Convolutional neural network for genomic prediction
To compare with GBLUP, we used a Convolutional Neural Network (CNN) to assess the prediction ability of both within‐series BLUEs (previous section) and across‐series BLUEs. The Python framework ‘Keras’ was used for model development. The CNN operated on a one‐dimensional sequence of marker states, ordered by their mapping position in the genome. The two homozygous states were coded as 0 and 2, and the heterozygous state as 1. Both phenotypic and marker state vectors were rescaled to a range of [0, 1].
For the training set, we selected random samples of 10%, 30%, 60% and 80% of the total data available for each trait. The test set consisted of 100 genotypes that were not in the training set, randomly chosen for each iteration. The process was repeated for 20 runs for each trait and training set size. The CNN was designed to allow a flexible network architecture for each run, with neurons as edges in an acyclic directed graph, organized into several layers to capture linkage and haplotype structure, and genetic interactions, respectively.
The first set of layers focused on feature extraction, followed by layers for pattern recognition. The specific network structure was influenced by a variety of hyperparameters, whose values were optimized using the Hyperband Tuner (Li et al., 2017).

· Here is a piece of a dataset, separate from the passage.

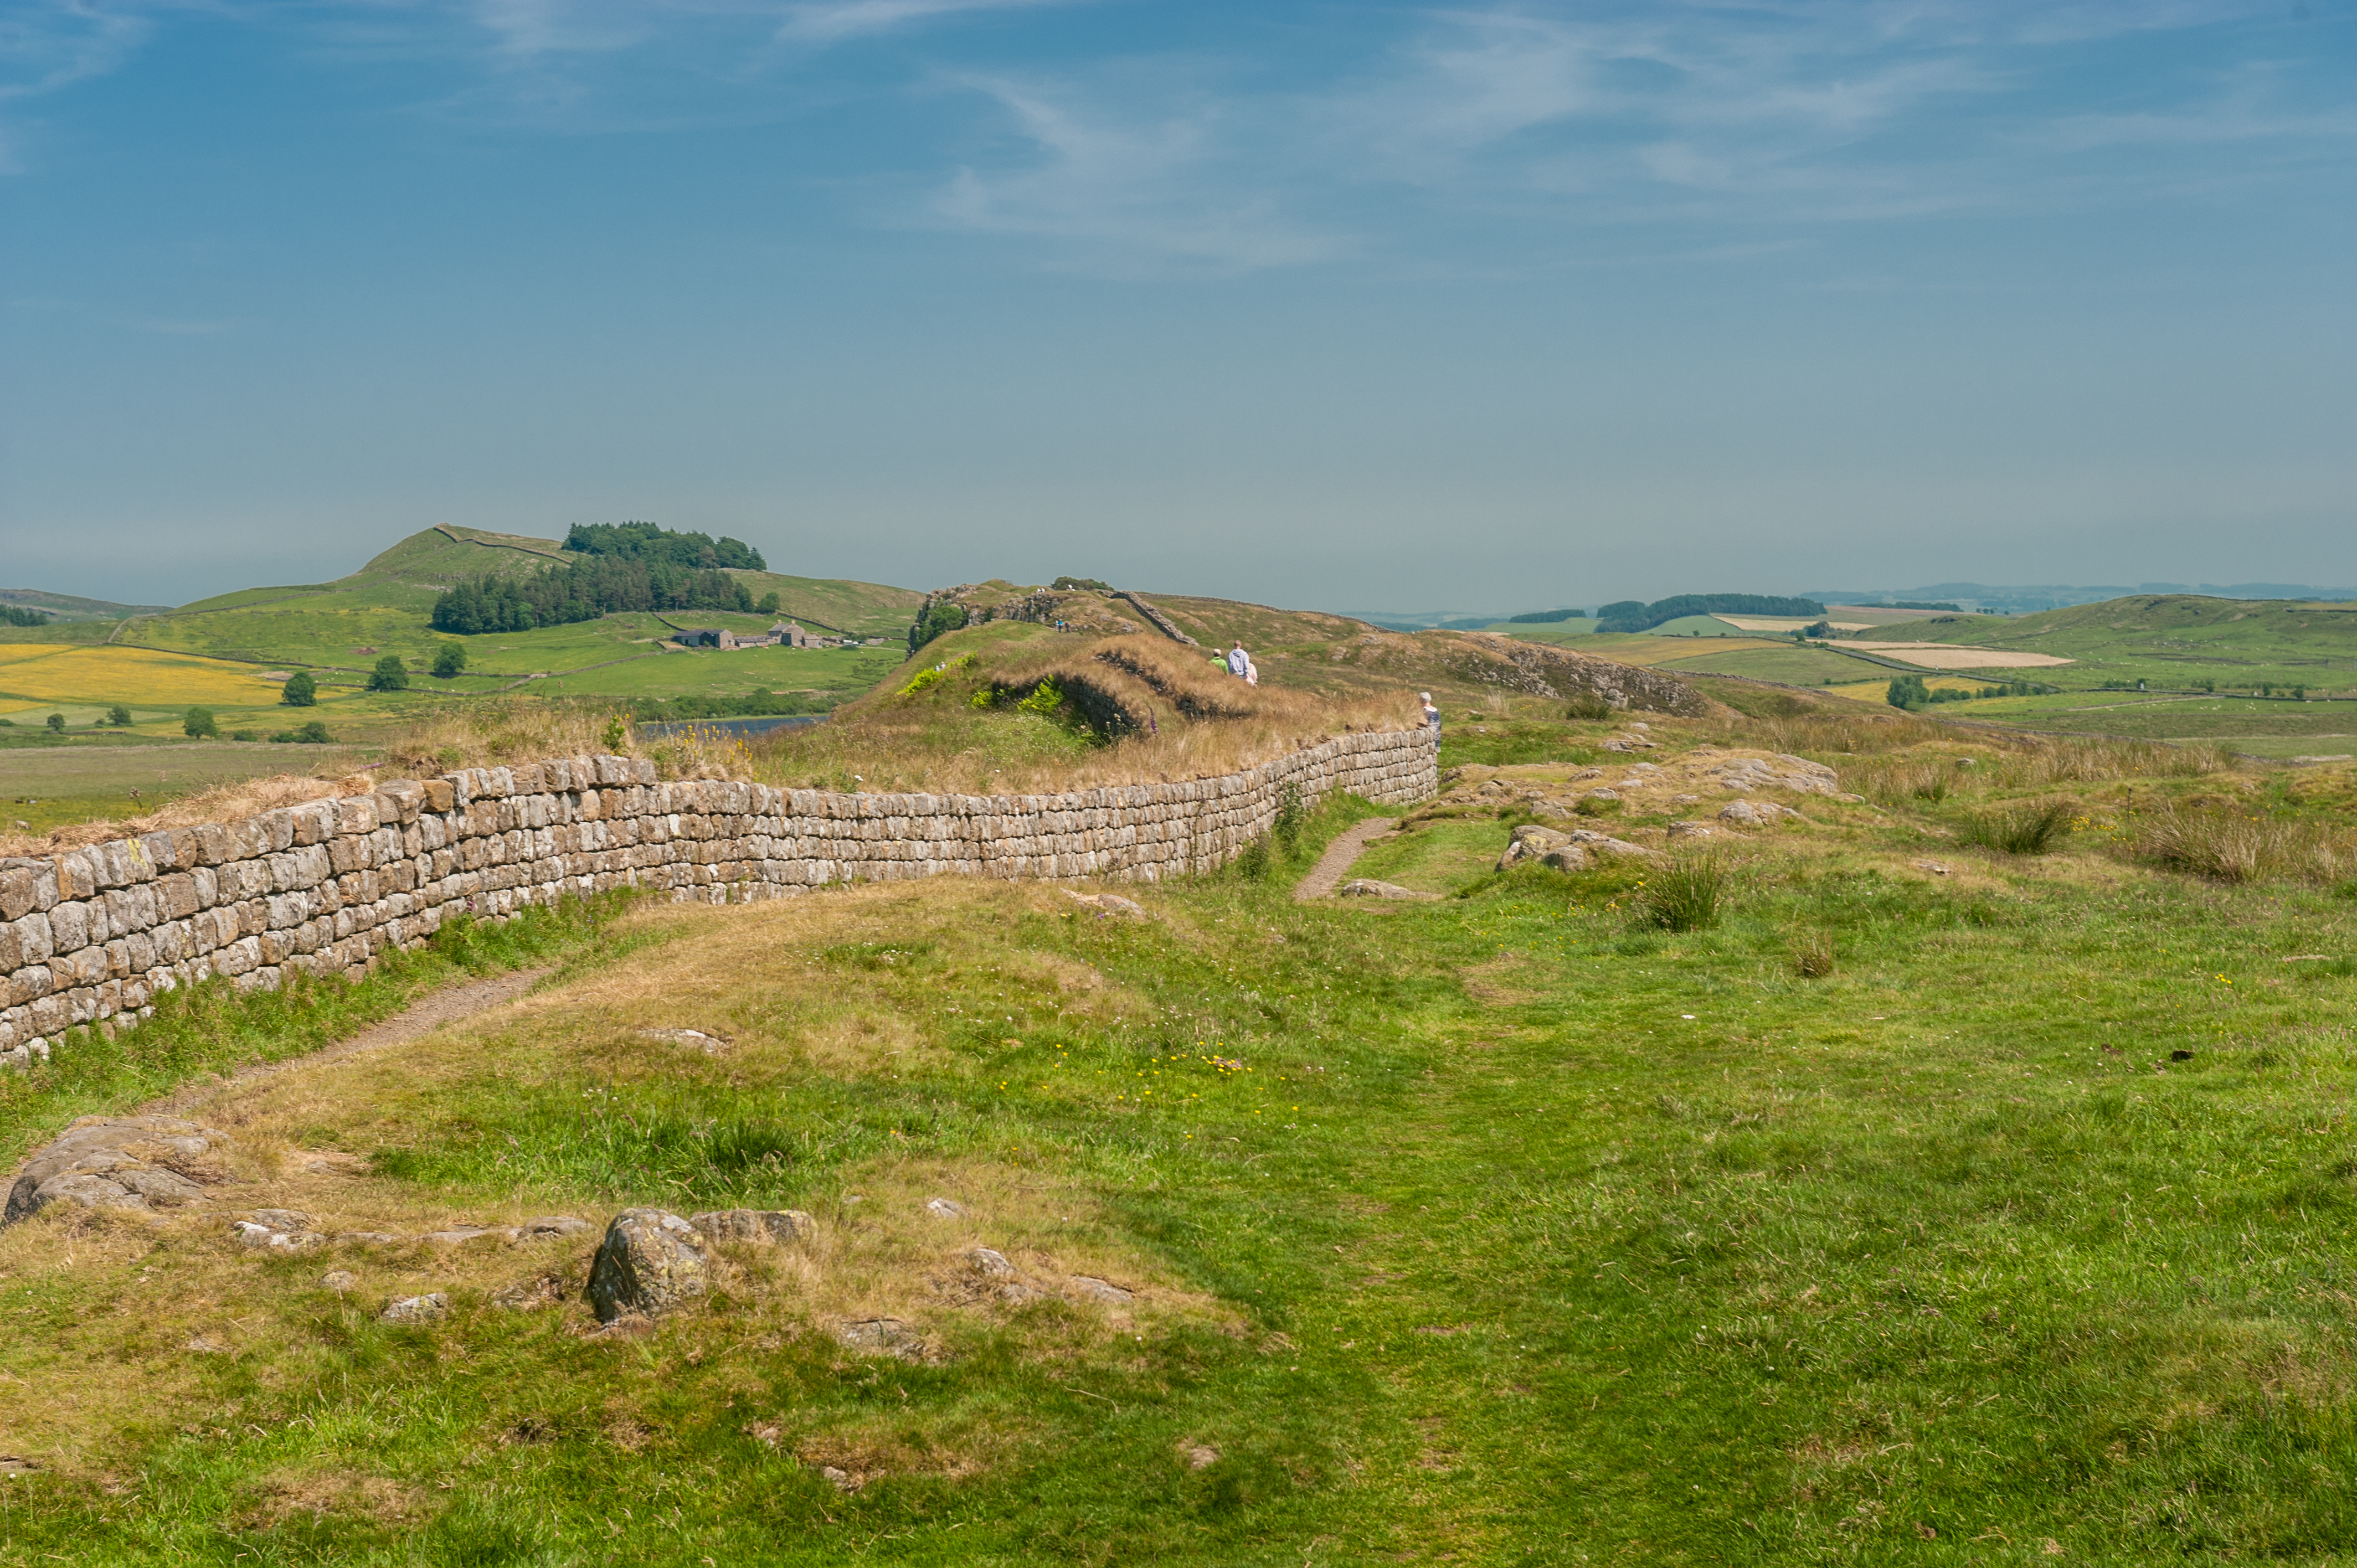 Roman Ruins in England, Wales, and Scotland - Hadrian's Wall

The hyperparameter space for the feature extraction section included (1) number of alternating convolution and average pooling layers (three to five), (2) number of filters (ranging from 64 to 512 with a step size of 64) and (3) kernel size (between three and 36 with a step size of three) in the convolution layer. The pool size for the pooling layer was also varied between two and 32 with a step size of 4. The feature extraction output was flattened and relayed into the pattern recognition section.
The hyperparameter space for the pattern recognition section comprised (1) the number of alternating dense and dropout layers (one to four), (2) the number of dense layer units (between 32 and 256 with a step size of 32) and (3) a dropout rate (between 0.1 and 0.5 with a step size of 0.01). Dropout was applied to reduce overfitting by preventing the model from becoming too reliant on specific neurons. The Rectified Linear Unit (ReLU) function was used as the activation function for all layers except the final prediction neuron. A single neuron with a hyperbolic tangent (tanh) activation function performed trait prediction, receiving input from all neurons in the final pattern recognition layer.
For each set of hyperparameters chosen by the tuner, the model was fitted with a batch size of 32 genotypes. The training set was split into 90% to be used for this purpose and 10% that were used exclusively to compare the prediction performances of the trained models resulting from the hyperparameter choices (validation set). The goal of the tuner was to minimize the mean squared error between predicted and observed genotype means in the validation set. Hyperparameter tuning stopped when the error did not decrease by more than 0.01 over 5 or more iterations. The resulting model was used for genomic prediction.
For comparison with GBLUP, the same across‐series data as used for the Neural Network was subjected to GBLUP following Equation (4).
Influence of number of experimental series, environments and years in training set
We measured the effect of including a single versus multiple experimental series into the training set, at a constant number of 800 genotypes in the training set and 100 genotypes in the test set. Both sets were chosen randomly (25 replications). In the first scenario, we choose all training genotypes from one random experimental series only. Only the experimental series 6, 7 and 8 for heading date and plant height and series 2, 4, 6, 7 and 8 for grain yield were large enough for this. In the second scenario, we sampled the same number of genotypes randomly from all but one series. The test set was sampled from the series that were not in the training set.
We further investigated potential strategies to subset genotypes based on data quality or number of phenotyping environments to improve the predictions obtained from a large integrated data set by restricting the training set to fulfil different criteria. To test the influence on prediction ability of the number of environments a training set is based on, we assigned all genotypes to one of four environment groups: 1–3, 4–5, 6–9 and 10 or more environments. These were chosen based on the available data to have groups as even in size as possible while still including genotypes from multiple experimental series into one environment group. The training set consisted of 300 genotypes randomly chosen from the genotypes of an environment group. The test set were 100 genotypes that were randomly drawn while ensuring that genotypes from each experimental series were included at equal shares in the test set. For each environment group, 25 replications of the prediction were performed. For the prediction, the GBLUP model (3) was used, and the kinship matrix was based on the imputed SNP data using the liberal missing value criterion (13 692 markers).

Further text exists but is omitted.